第四話
ジェードにサボリが見つかってしまった日以来、どんなに巻いても結局見つかってしまうのでスフェーンは半ば諦める事にした。終いには、ギルドで一緒の任務をするまでになってしまった。
「スフィが友達を連れてくるなんて珍しいな? よし! 同じ小隊にしておくな」
ハハハと豪快な笑顔でギルド職員は何やらメモをとっていく。
「へぇ〜? ジェードはあのノワールのギルドでAランクを持っているのか。二人とも若いのに腕が立つなんて凄いなぁ〜。おまけに男前ときた。類は友を呼ぶとはこのことだな。ハハハッ!」
「はっはっは……」
渇いた笑いがスフェーンから出た。
どこの世界に公爵様のご子息がギルドに登録していると思う? しかも戦闘特化型として名高い最古のギルドに登録!? いやいや、それよりも何で偽名を使わずに依頼を受けてるのよ!?
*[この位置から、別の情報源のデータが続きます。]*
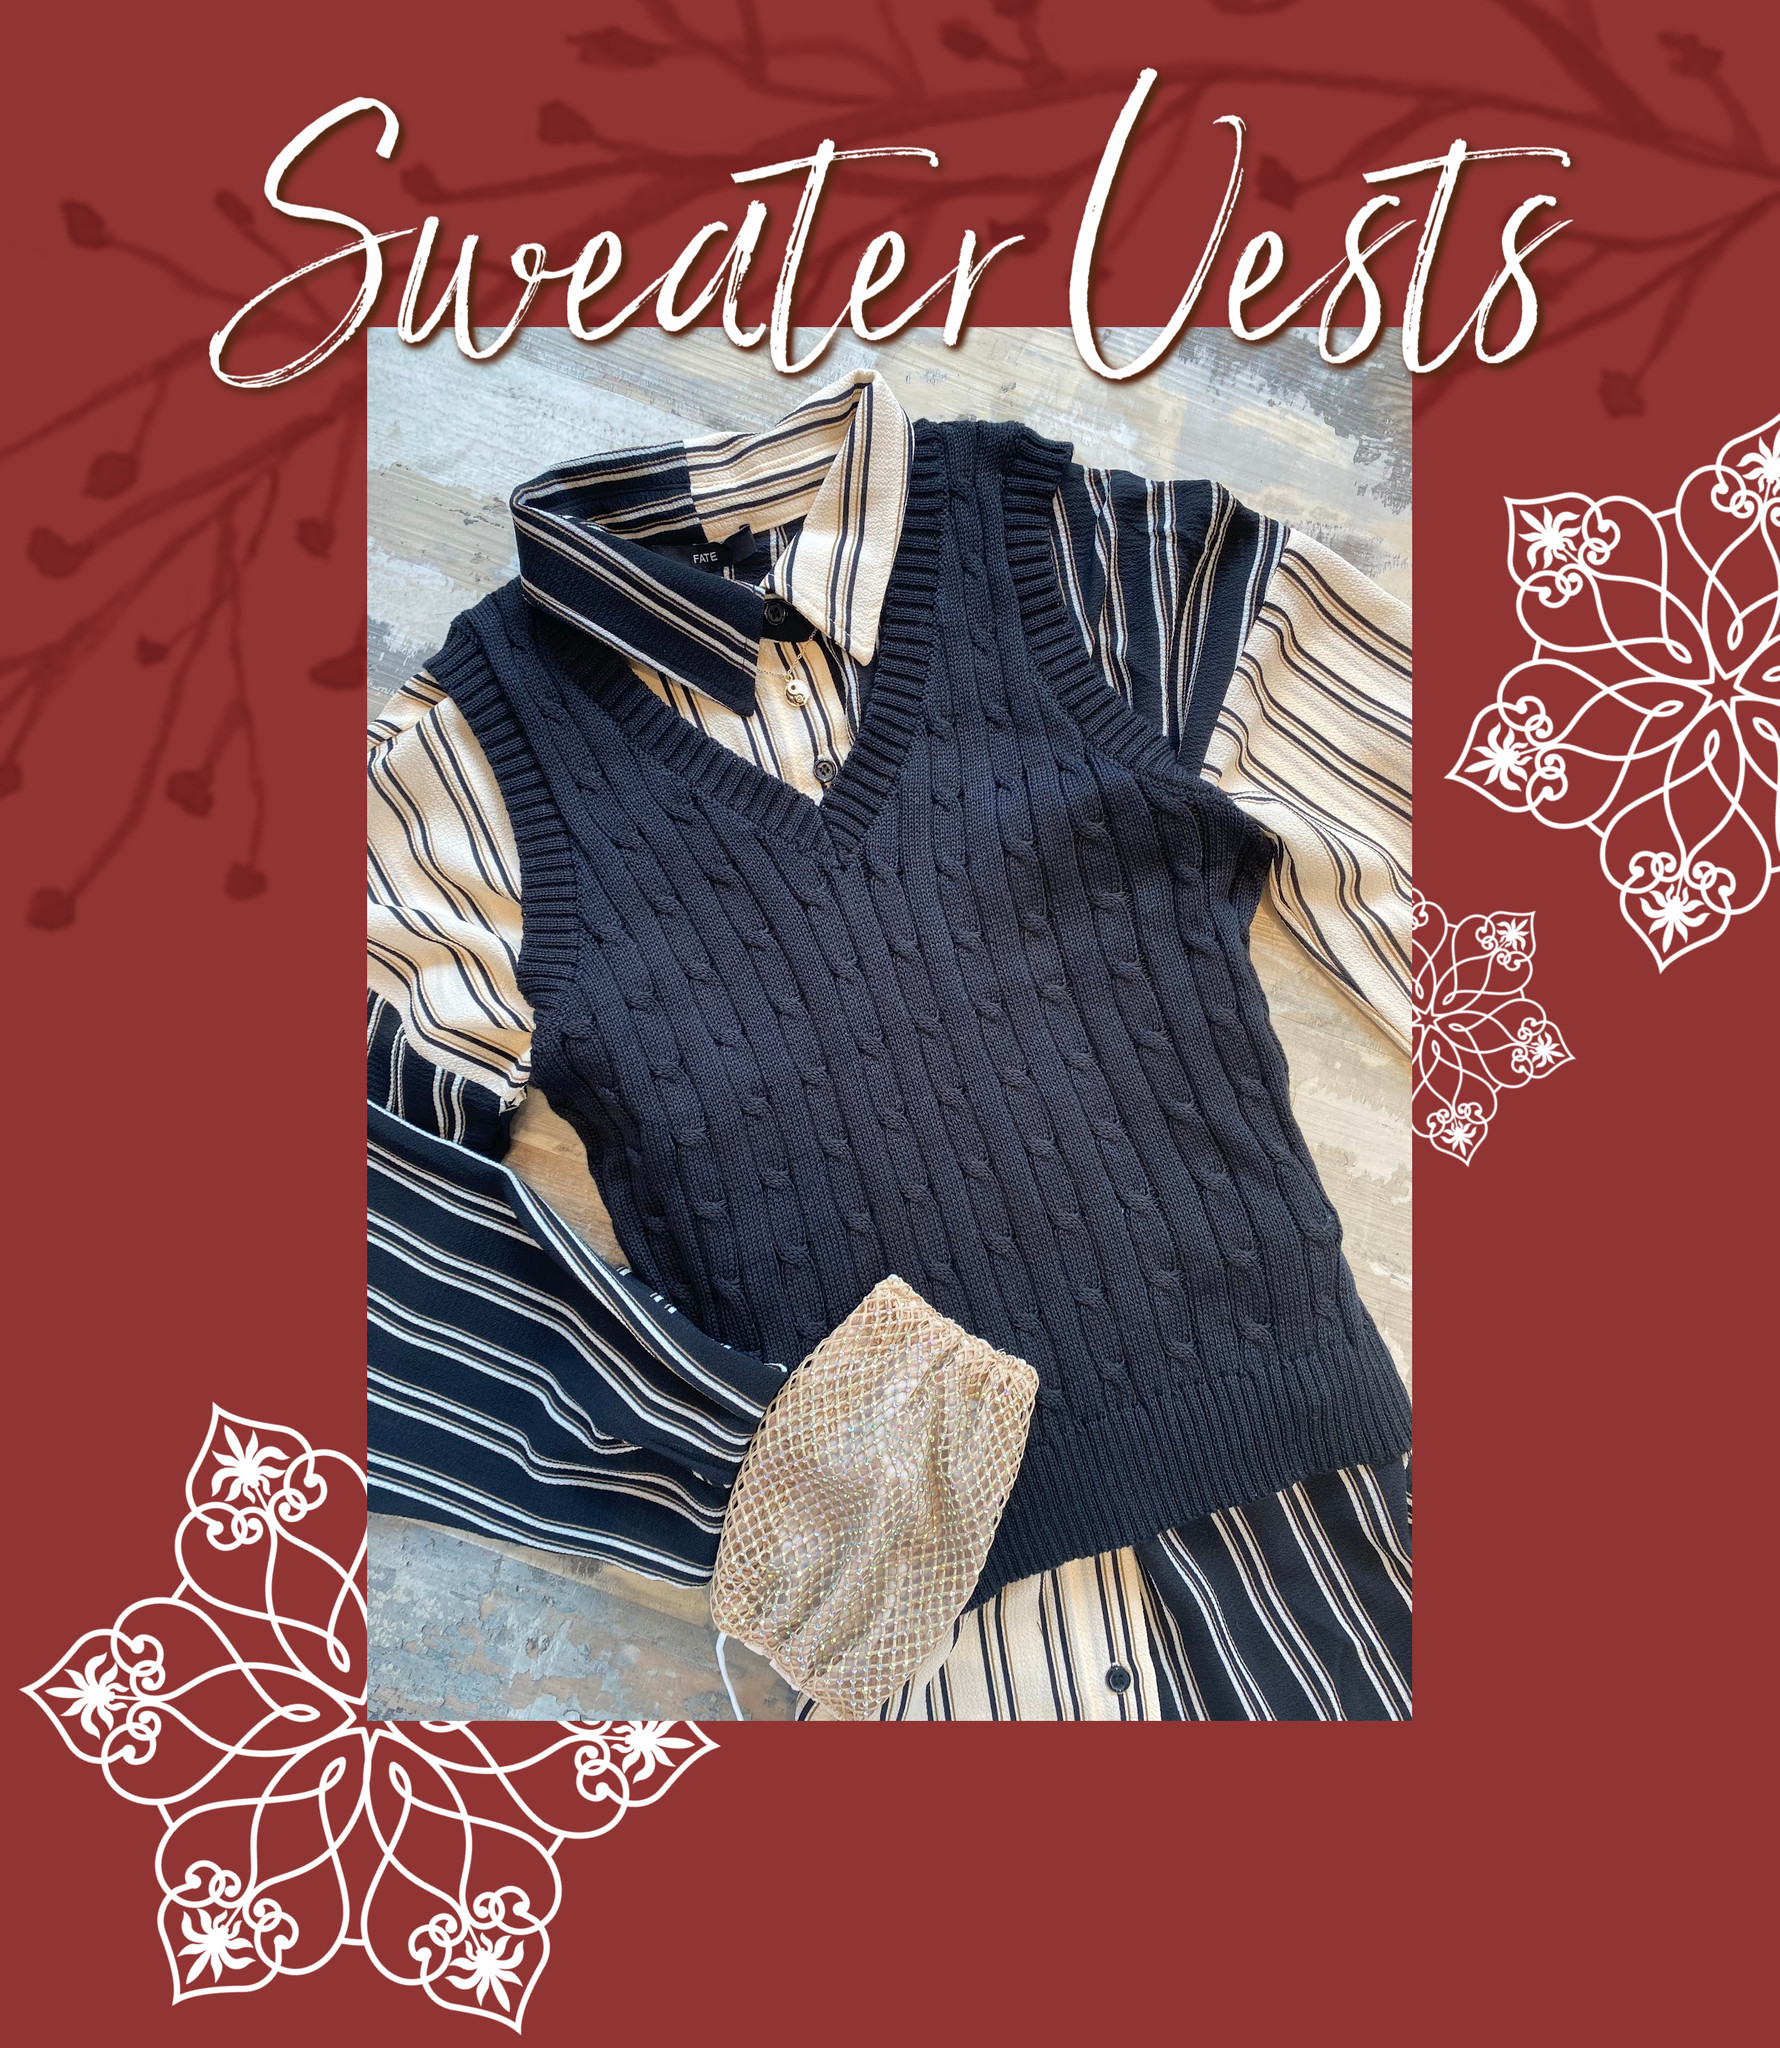 Sweater Vests are a must on your holiday shopping list this year. Featured here is a black braid knit sweater vest with a back and tan contrast collared blouse styled under, and to add some extra fun we have a yin and yang necklace and a tan sparkle face mask.

驚かされっぱなしのスフェーンはギルド職員が離れた途端ジェードに詰め寄った。
「本当にどういうつもり!? 遊びなら――」
ジェードがスフェーンの言葉をさえぎる。
「――――お前のその格好は何だ? 名前と身分を偽っているのはわかるが、性別もか?」
上から下までざっと眺めたジェードはスフェーンの胸元を凝視する。
何となく「その体型とその格好で女は無いだろ」と言われている気がする……。
スフェーンは慎ましやかな自分の胸に手をあて精一杯の睨みを効かせた。
「男だ!!」
「ふ〜ん。あまり苦労しなくて良かったな」
スフェーンの感は当たっていた。この男は「肉付きが悪いから隠さなくても問題なかったな」と言っているのだと。
「さらしを巻くぐらいの努力はしたっつ~の!」
「性別バレるぞ?」
声を張りあげたスフェーンに対しジェードは釘を刺した。
「どこの誰のせいだと思って……! っていうか、アンタは何で本名を隠さないのよ? バレたらどうすんの?」
髪色まで変えたスフェーンとは違いジェードは何も変えていない。ウルフカットにしている赤橙色の髪に翡翠がはめこまれたような瞳。知っている人は知っているアレキサンド公爵家の特徴そのままの姿だ。
「堂々としていたらバレないもんなんだよ」
「毎回思うけどその根拠のない自信はどこから来るのか教えて欲しいわ」
(――なんで任務前から疲れなきゃいけないのよ……)
スフェーンは言いたい事が色々あったが堪える事にした。
ギルト職員から言い渡された任務は、あるキャラバンを護衛することだった。それも普通のキャラバンではなく王族御用達の品物を届けるキャラバンだった。依頼主によると、いつもは自分たちの所で雇っている兵を護衛につけるのだが最近力の強い魔物が多く出現するため腕っぷしの強い者を雇いたいとのことだった。
三ヶ月程前から瘴気が濃くなり魔物が各地で出現していることは知っていた。そのせいで騎士団が毎度毎度、駆り出されてサボり魔の長兄が絶賛出仕拒否中なのだ。
「たしかに、ここ最近の魔物の出現率が多いのは気になる......」
スフェーンは考え込んだが、すぐにやめた。考えて答えが出るようなものでもないからだ。ダンジョンが出現する理由や魔物の正体など解明できていないことが多いからである。
三ヶ月前――それは聖女が誕生した時でもある。
光と闇は表裏一体。
この世界で何かが変わり始めていた。